Most of what Americans owned used to be made here. From shoes and clothes to cars and washing machines, what we used daily was American-made, and the new hair dryers, bicycles, bedroom sets, televisions or air conditioners families bought not only brought them enjoyment but kept their neighbors at work making the items, warehousing them, transporting them, retailing them, repairing them.
In 1953, manufacturing accounted for 28.3 percent of our gross domestic product. By 1960 the figure had fallen a little, to about 25 percent; manufacturing then provided jobs to 26 percent of the workforce.
But by now, manufacturing only accounts for a little over 11 percent of GDP—less than government, which generates 12.4 percent—and the percentage of the workforce it employs has fallen accordingly. The implications of this are farreaching and not merely obvious; as Harold Meyerson explained in a recent op-ed in the Washington Post, professional positions as well as less skilled jobs go away when manufacturing leaves for other countries.
In 2007, for example, 63 percent of American scientists and engineers worked in industry; last year, while 4.1 percent of all employed Americans lost their jobs, a much higher percentage of scientists and engineers—6.3 percent—lost theirs.
Meyerson’s discussion draws information from a new book, The Betrayal of American Prosperity by Clyde Prestowitz, which abounds with just such facts—facts that illuminate both our current situation and the future that awaits us if we don’t rebuild our manufacturing base. Not only is employment for our people at stake in that future; self-sufficiency in manufacturing enhances our security. And there are other issues, including our status—no longer what it once was—as a center for research and development of numerous technologies.

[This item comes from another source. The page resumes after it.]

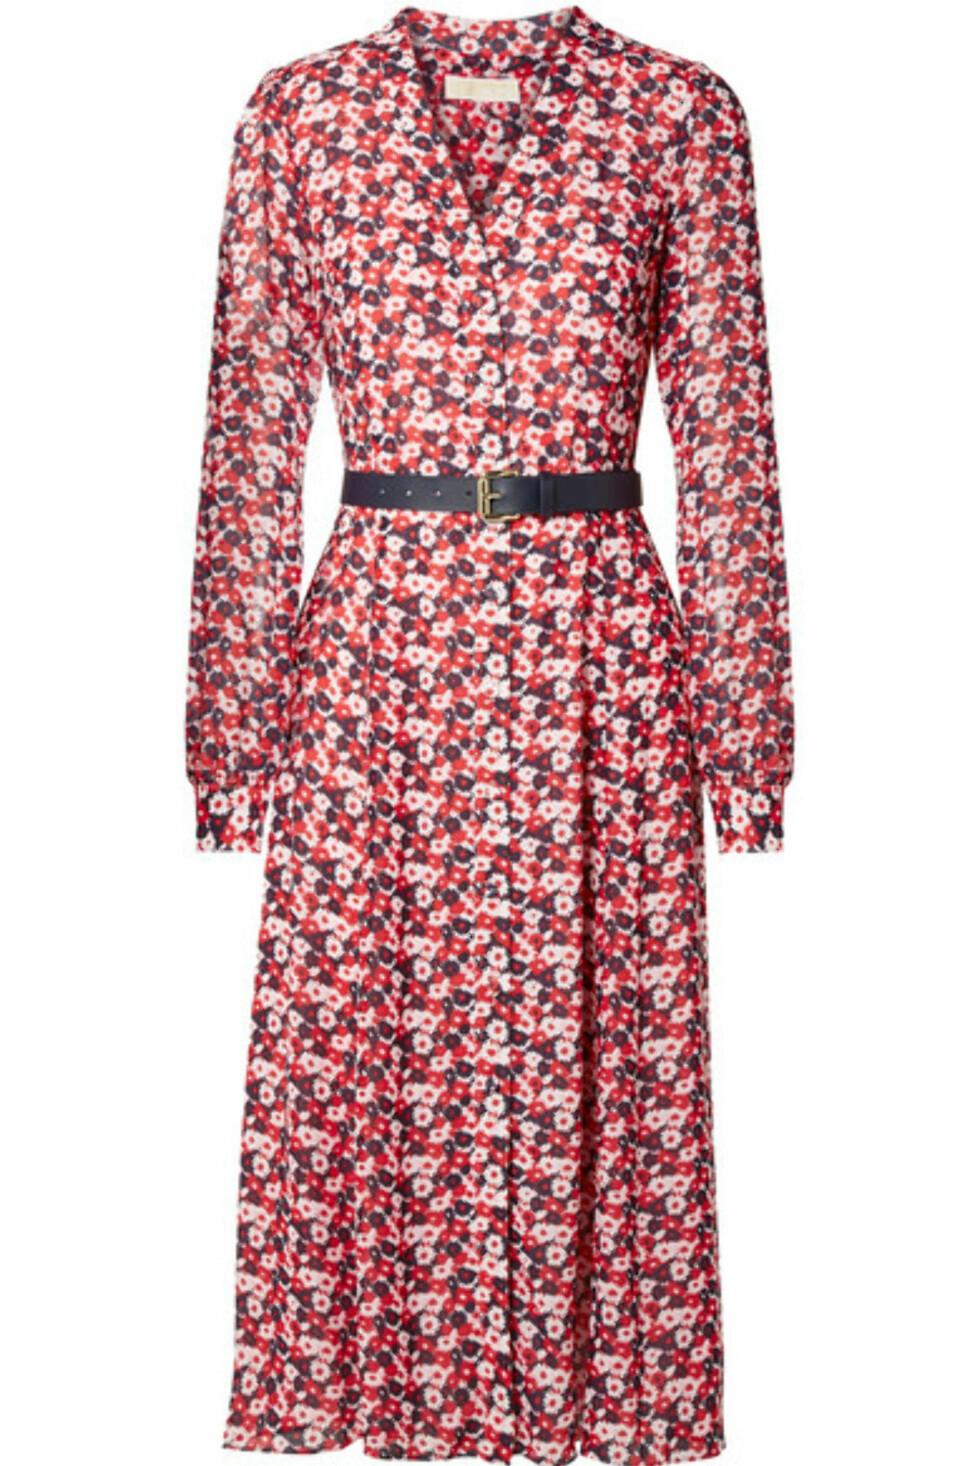 Kjole fra Michael Kors |2200,-| https://www.net-a-porter.com/no/en/product/1016264/michael_michael_kors/belted-floral-print-crepe-midi-dress

Electronic technologies, green technologies—the U.S. is no longer the leading manufacturing center for them, as Prestowitz shows. “There is only one American company among the world’s top 10 producers of photovoltaic cells,” he points out. “Germany’s Q-Cells is the world’s leading producer, while Japanese and Chinese producers each have about 30 percent of the global market.”
In 1999, he adds, 36 percent of semiconductor wafers [from which computer chips are made] were produced here; by 2004 the figure had dropped to 20 percent, then it fell to 15.